We have so far seen that extracting patch from an image based on the kernel size and patch requires most of the effort. We naively implemented it with a double loop assuming a stride of size 1
but there is a faster way to get these patches of an input based on the filter size and stride using the method
np.lib.stride_tricks.as_strided
Let's see how this works out
Let's consider your input is X
and the convlutional kernel is of size ( 2, 2 )
with stride 1
then matrix should look something like this
X = np.arange(1, 10, dtype=np.int32).reshape(3, 3)
A = np.lib.stride_tricks.as_strided(X, shape=(2, 2, 2, 2), strides=(12, 4, 12, 4))
A
Lot's of stuff to unpack here, let's start with function signature and see what does individual parameters mean.
np.lib.stride_tricks.as_strided?
np.lib.stride_tricks.as_strided(x, shape=None, strides=None, subok=False, writeable=True)
This method creates a view on the matrix x
, where shape
and strides
are attributes of the view created. We are all familiar with what shape
signifies for a matrix but stride
is something new.
Numpy officially describes strides
as how many bytes we need to jump over in the data buffer to go from one item to the next
. So to create our desired view we need to pass it's shape and strides in the func args.
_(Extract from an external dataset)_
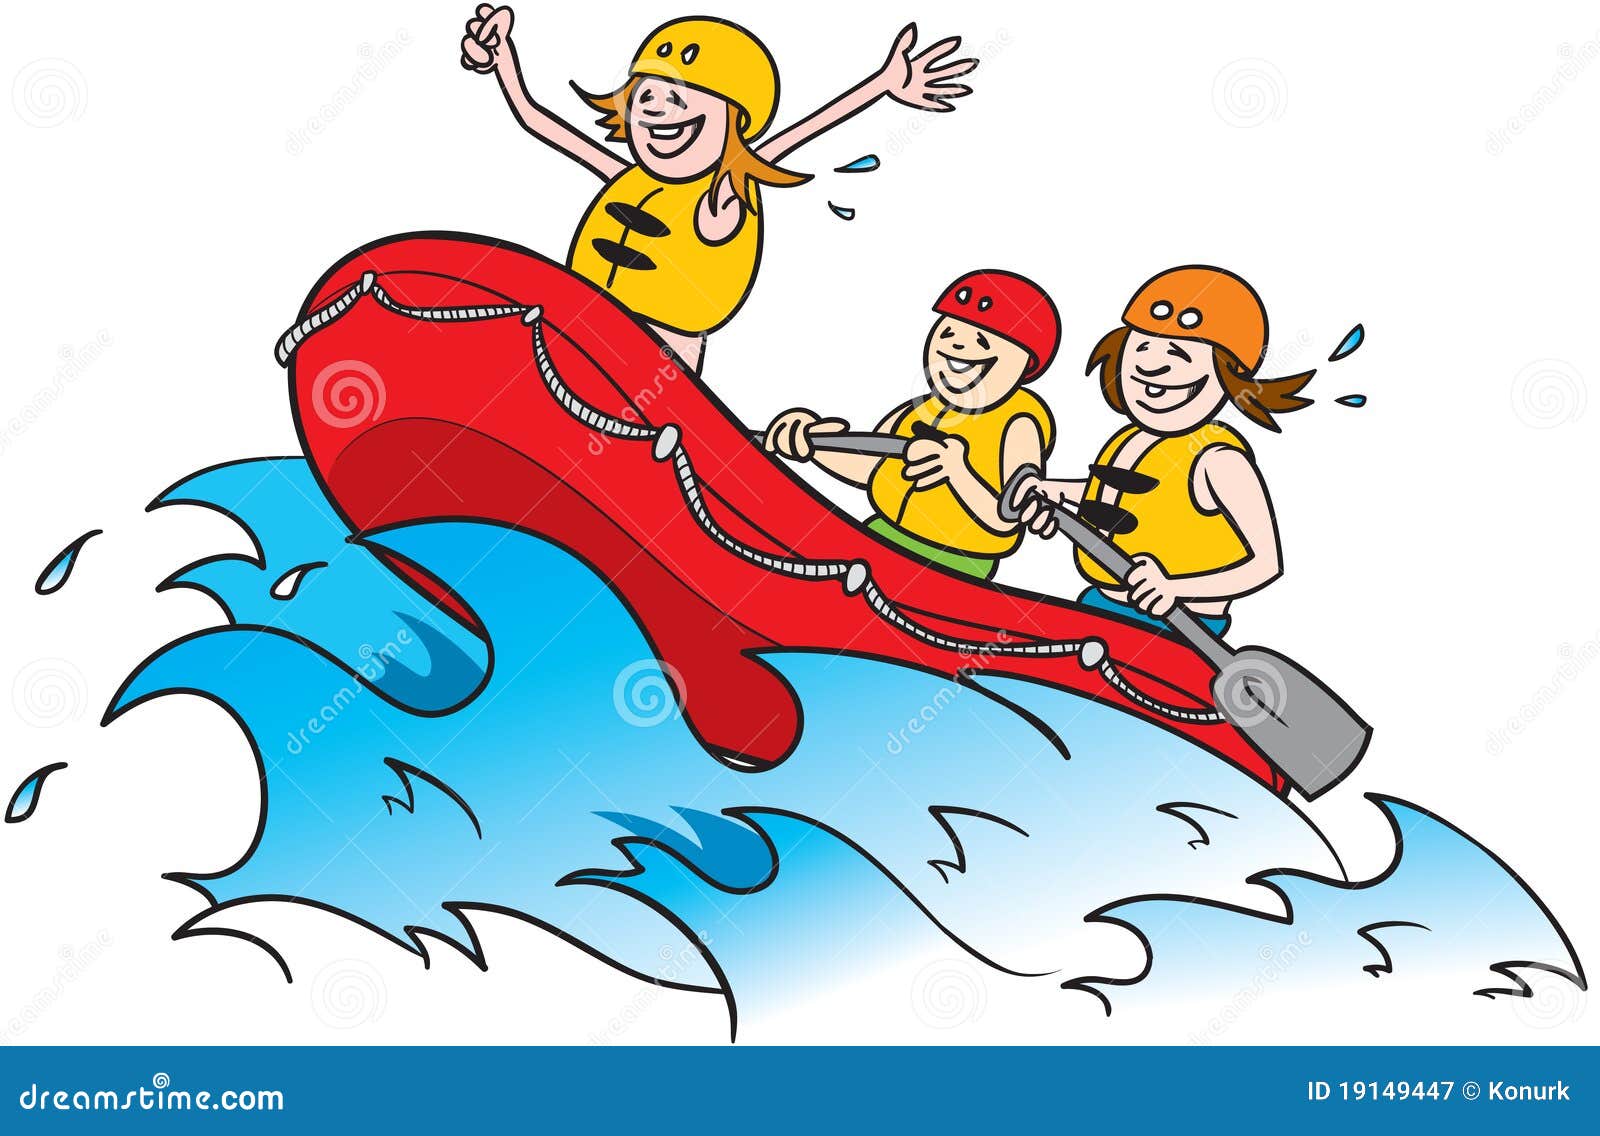 White Water Rafting Royalty Free Stock Photography - Image: 19149447

Let's try to understand it with an example.
a = np.arange(9, dtype=np.int32).reshape(3,3)
print(a)
so for moving from a[i, 0] to a[i, 1] we need to jump 4 bytes since dtype is int32
and across ith
dimension to move from a[0, j] to a[1, j] we need to jump 12 bytes, hence strides for a
would be (12, 4)
a.strides
Coming back to original array A
how would we determine it's strides, we could start with the lowest dimension. How many bytes we need to jump when moving from A[i, j, k, l] to A[i, j, k, l+1] and compare it with X
. We know moving from previous exercise moving across lowest dimension would require only 4 bytes so strides would be (?, ?, ?, 4)
, also moving to higher dimension jump required to move from A[i, j, k, l]
to A[i, j, k+1, l]
would be 12
bytes when comparing with our previous example leading to (?, ?, 12, 4)
.
For the next dimension j
we need to look at the bytes we need to jump to reach from 1
to 2
marked in the above figure. Essentially we are trying to figure out jump between a[i, j, k, l]
to a[i, j+1, k, l]
. If we look at the original array a
both 1
and 2
are beside each other in 0th row so it would require jump of only 4 bytes, hence strides would be (?, 4, 12, 4)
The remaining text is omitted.